* PROBLEM TO SOLVE *
Return the full listing word for word, but drop every picture from it.

* DATASET EXTRACT *
++++++++++++++++++++

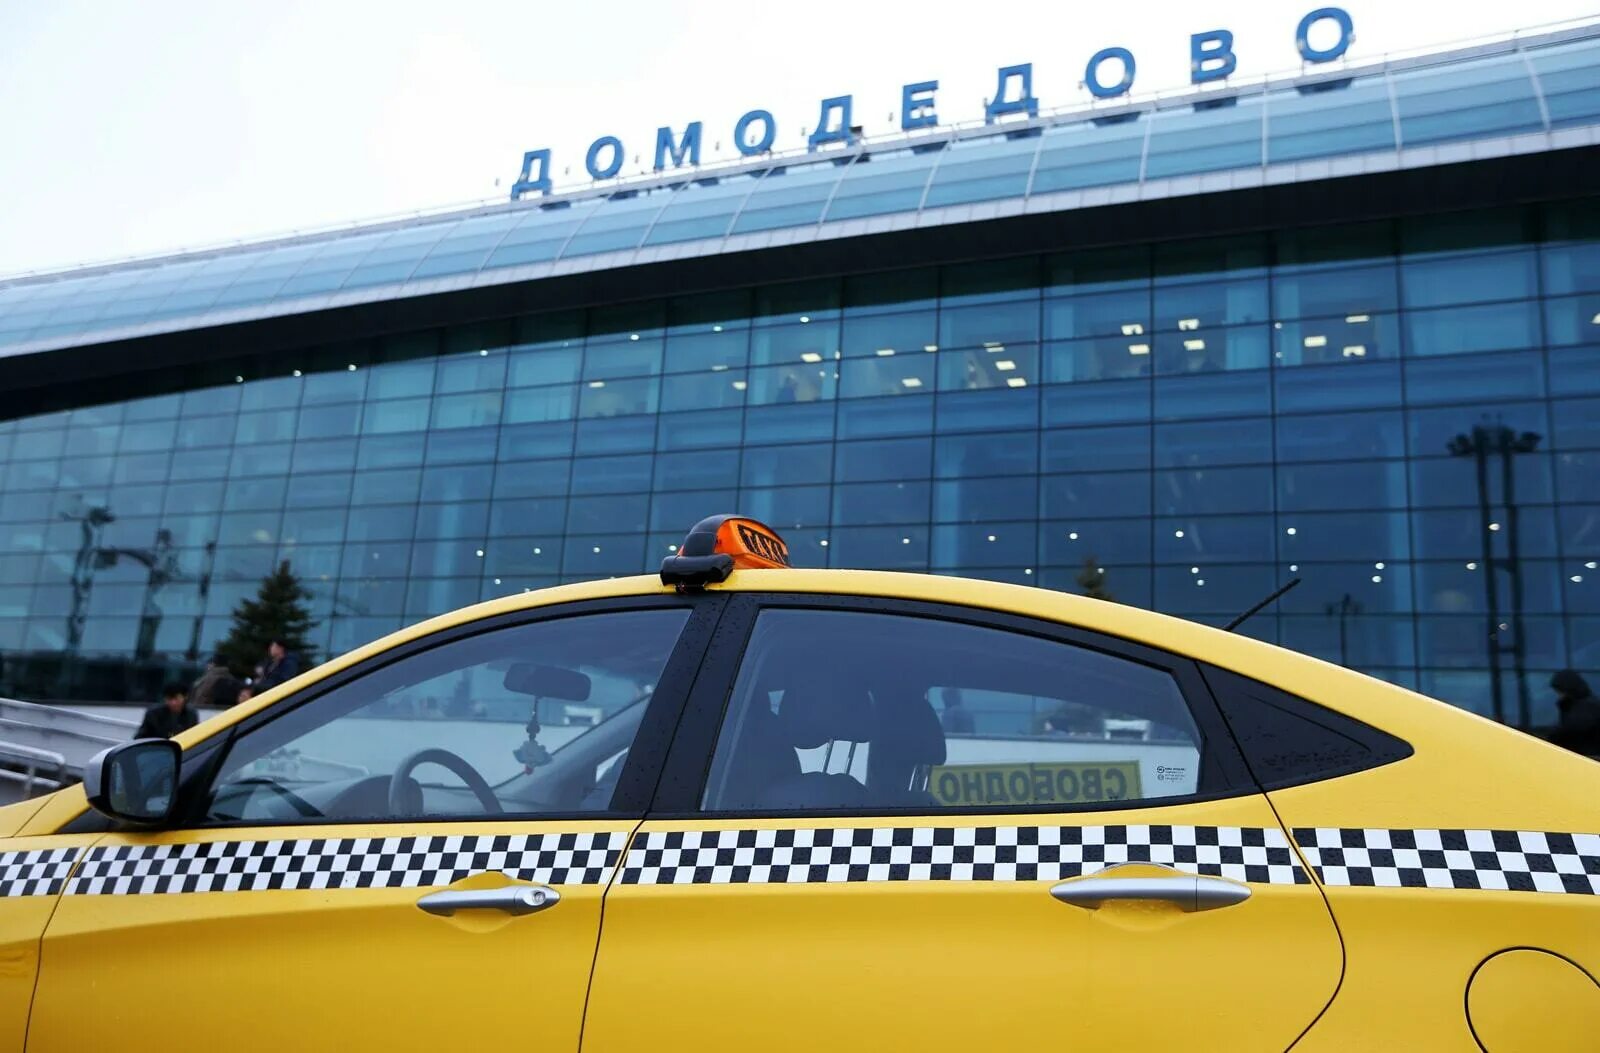 Аэропорт Домодедово такси. Такси около аэропорта Домодедово. Шереметьево-Домодедово такси. Такси в аэропорт Шереметьево. Такси домодедово телефон
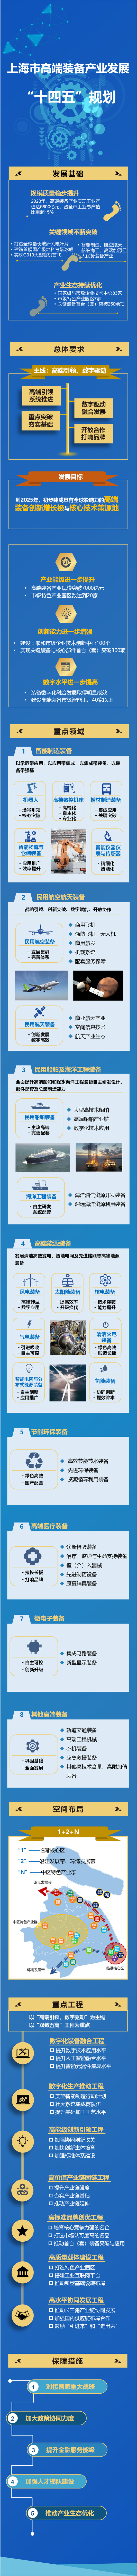 上海高端装备产业发展十四五规划发布产值将破七千亿元
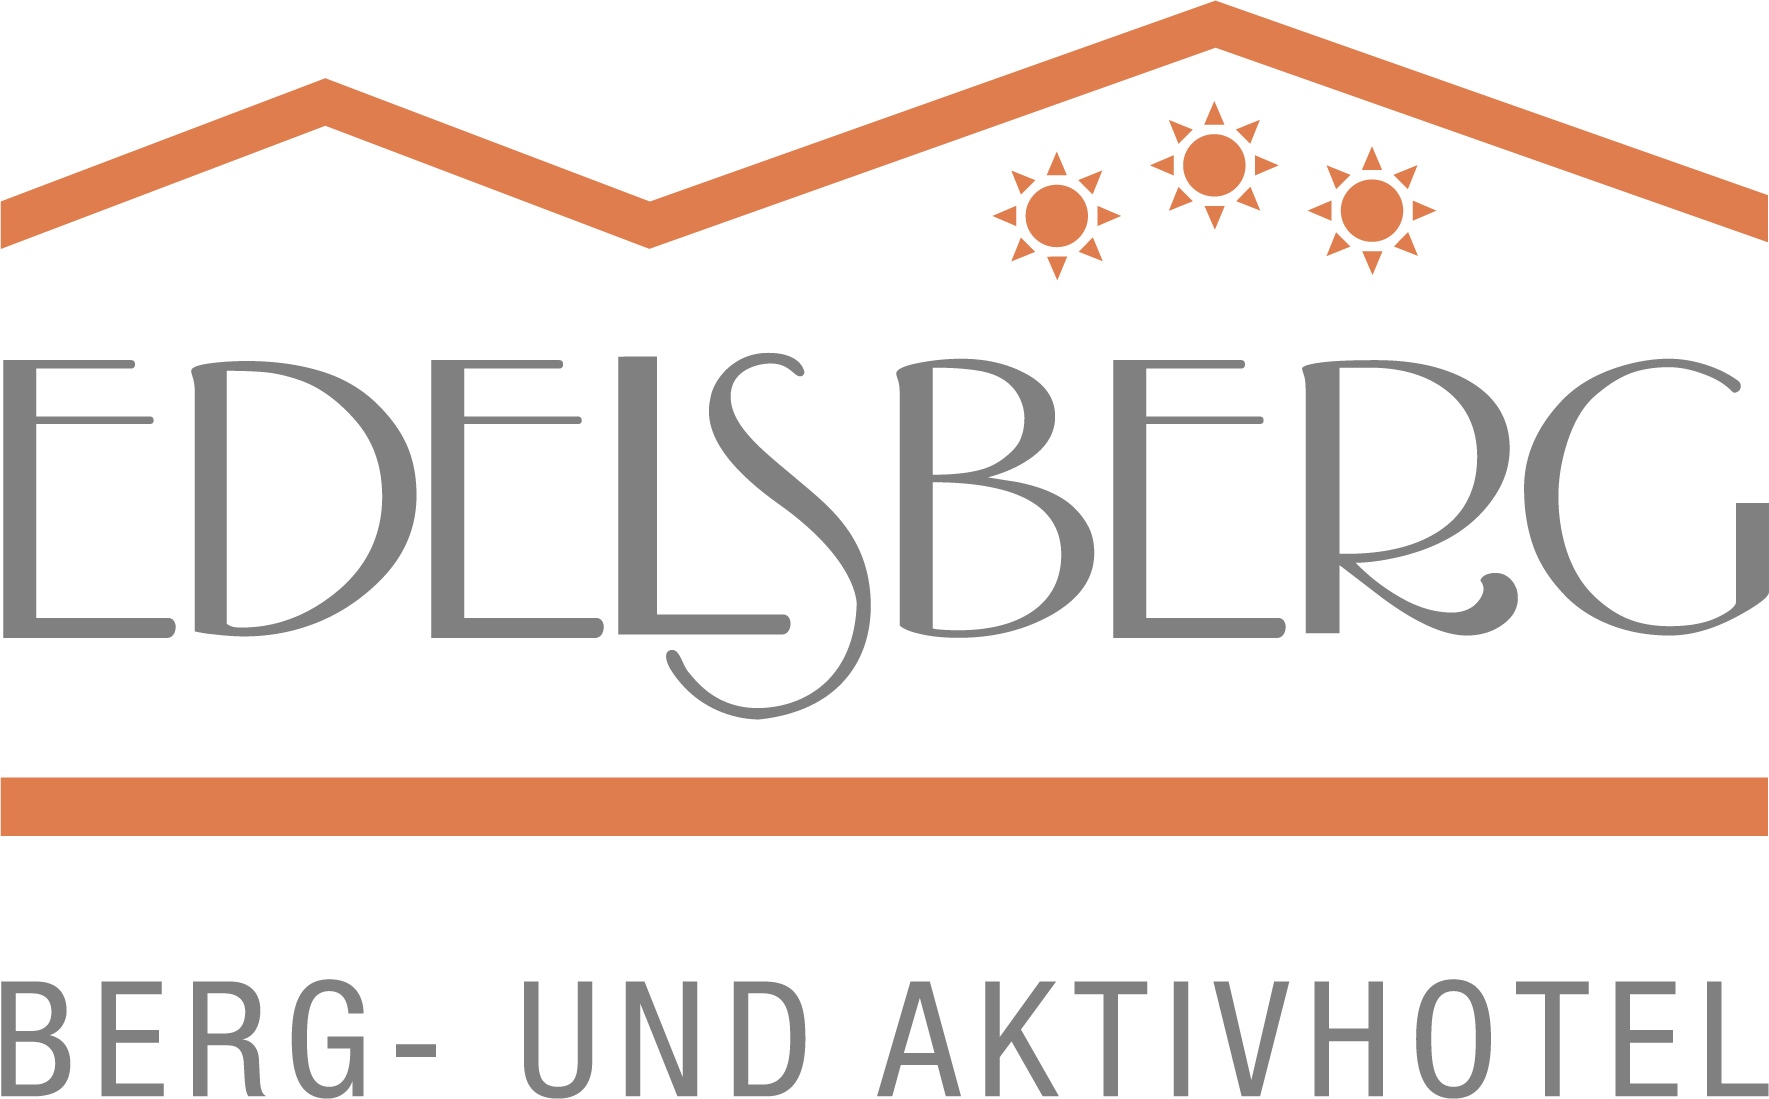 Berg- und Aktivhotel Edelsberg

++++++++++++++++++++

* SOLUTION *
 Аэропорт Домодедово такси. Такси около аэропорта Домодедово. Шереметьево-Домодедово такси. Такси в аэропорт Шереметьево. Такси домодедово телефон
 上海高端装备产业发展十四五规划发布产值将破七千亿元
 Berg- und Aktivhotel Edelsberg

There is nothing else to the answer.